A1) It is a set of tools that allows a user to construct and manage databases. In other words, it is general-purpose software that enables users to define, construct, and manipulate databases for a variety of applications.

Database systems are made to handle massive amounts of data. Data management entails both the creation of structures for storing data and the provision of methods for manipulating data. Furthermore, despite system crashes or efforts at illegal access, the database system must preserve the security of the information stored. If data is to be shared across multiple users, the system must avoid any unexpected outcomes.

Fig: Process of transforming data

The figure above depicts the process of transforming data into information, knowledge, and action in a database management system.

The file system was used as the foundation for the database applications.

The goal of a database management system (DBMS) is to transform the following:

1. Data into information.

2. Information into knowledge.

3. Knowledge of the action.

Q2) Write the uses of DBMS?

A2) Uses of DBMS

The main uses of DBMS are as follows −

●      Data independence and efficient access of data.

●      Application Development time reduces.

●      Security and data integrity.

●      Uniform data administration.

●      Concurrent access and recovery from crashes.

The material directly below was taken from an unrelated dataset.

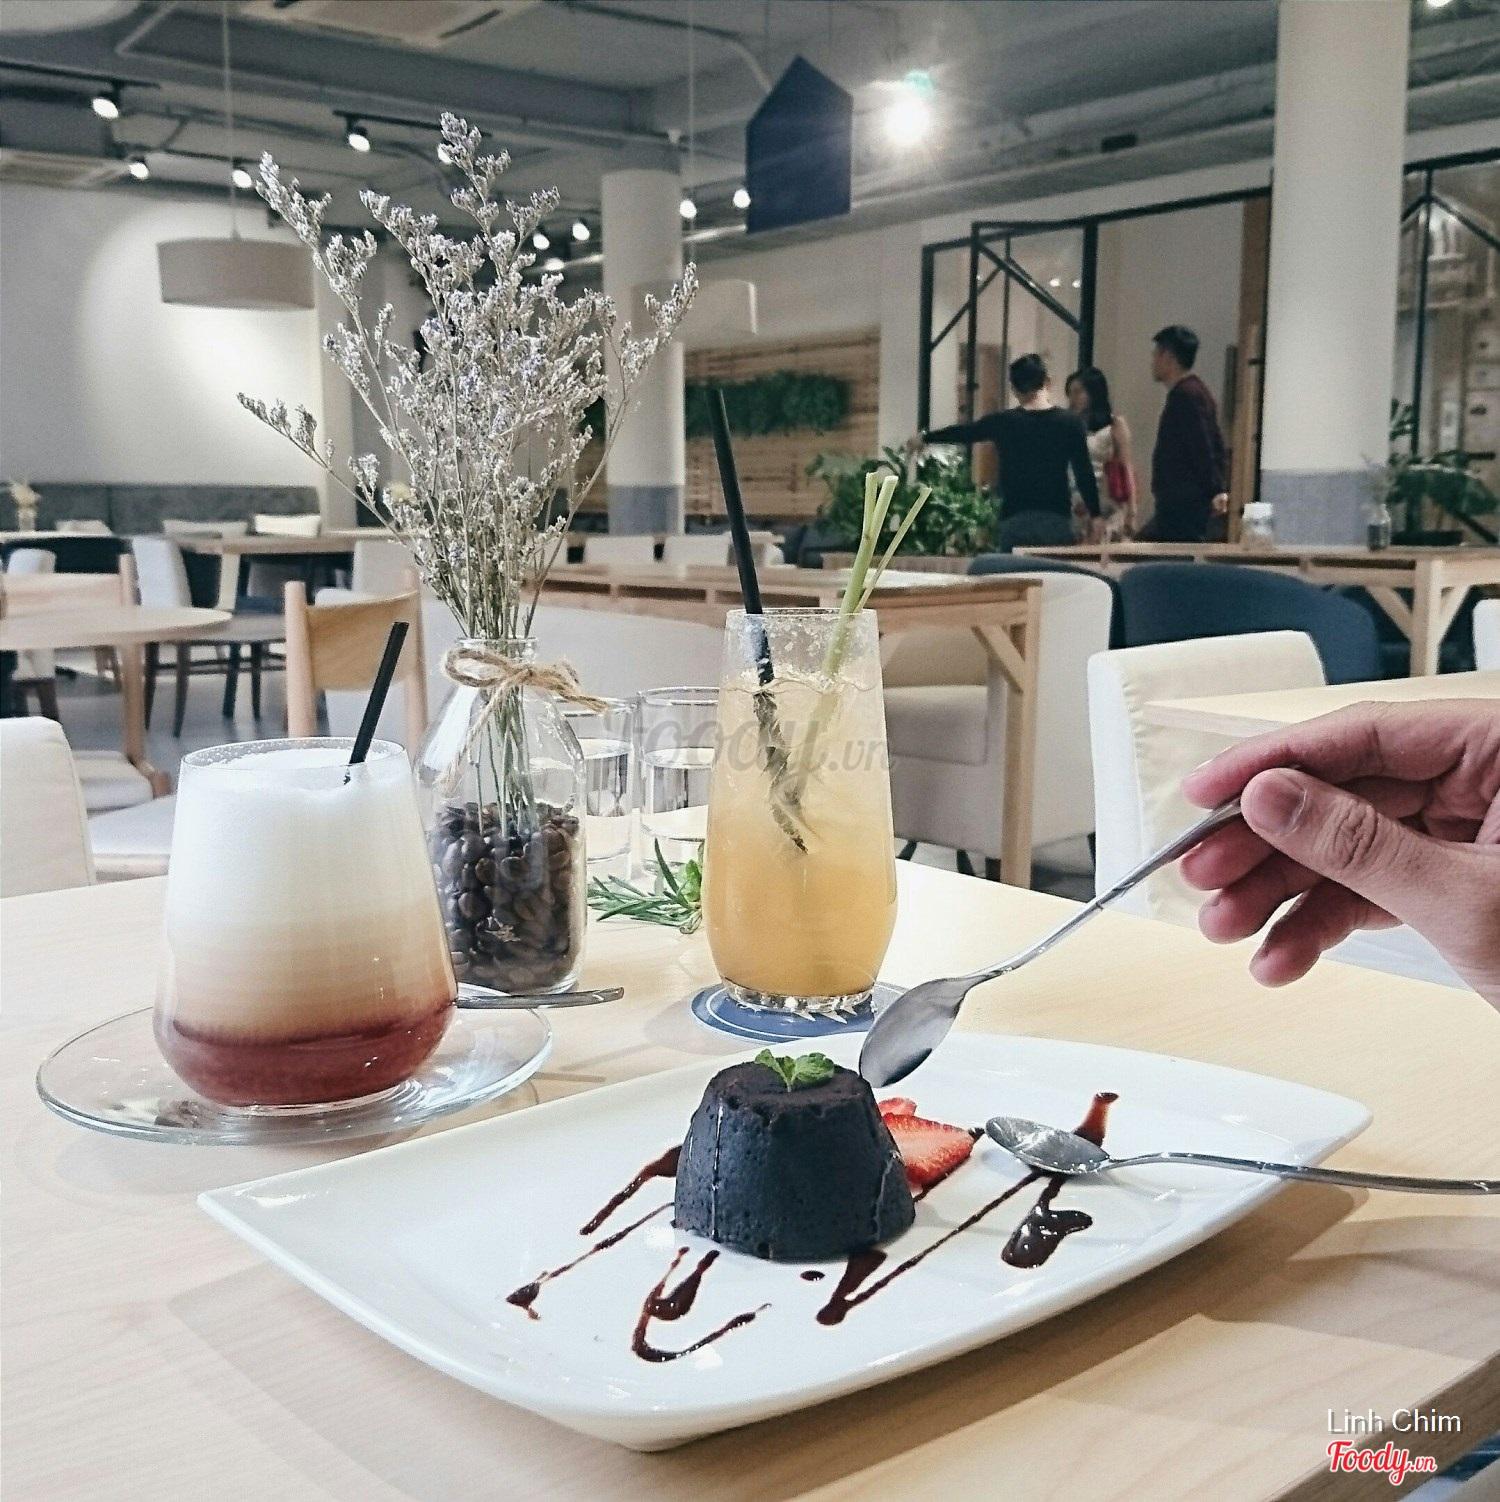 Linh Chim · Kitchenette Cafe Tầng 3, 52 Nguyễn Chí Thanh ...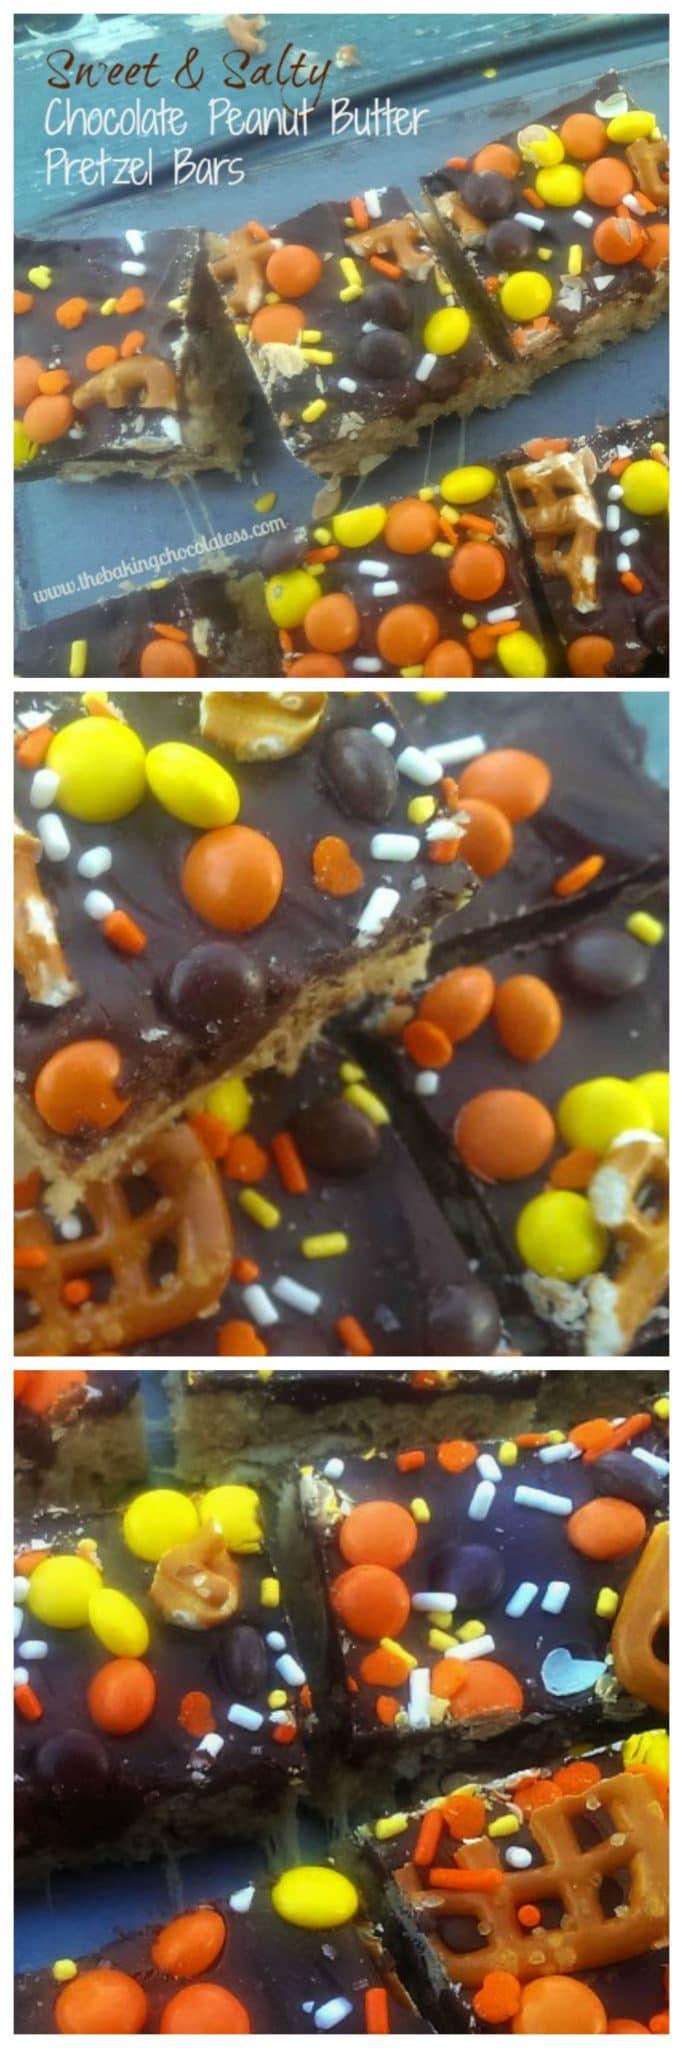 Sweet & Salty Chocolate Peanut Butter Pretzel Bars

Q3) Write the characteristics of DBMS?

A3) Characteristics of DBMS

●      It stores and manages information in a digital repository hosted on a server.

●      It can provide a logical and transparent picture of the data manipulation process.

●      Automatic backup and recovery mechanisms are included in the DBMS.

●      It has ACID qualities, which keep data healthy in the event of a failure.

●      It has the ability to simplify complex data relationships.

●      It's utilized to help with data manipulation and processing.

●      It is used to ensure data security.

●      It can examine the database from several perspectives depending on the user's needs.

Q4) What do you mean by view of data?

A4) View of data in DBMS narrate how the data is visualized at each level of data abstraction? Data abstraction allow developers to keep complex data structures away from the users. The developers achieve this by hiding the complex data structures through levels of abstraction.

There is one more feature that should be kept in mind i.e. the data independence. While changing the data schema at one level of the database must not modify the data schema at the next level. In this section, we will discuss the view of data in DBMS with data abstraction, data independence, data schema in detail.

Data Abstraction

Data abstraction is hiding the complex data structure in order to simplify the user’s interface of the system. It is done because many of the users interacting with the database system are not that much computer trained to understand the complex data structures of the database system.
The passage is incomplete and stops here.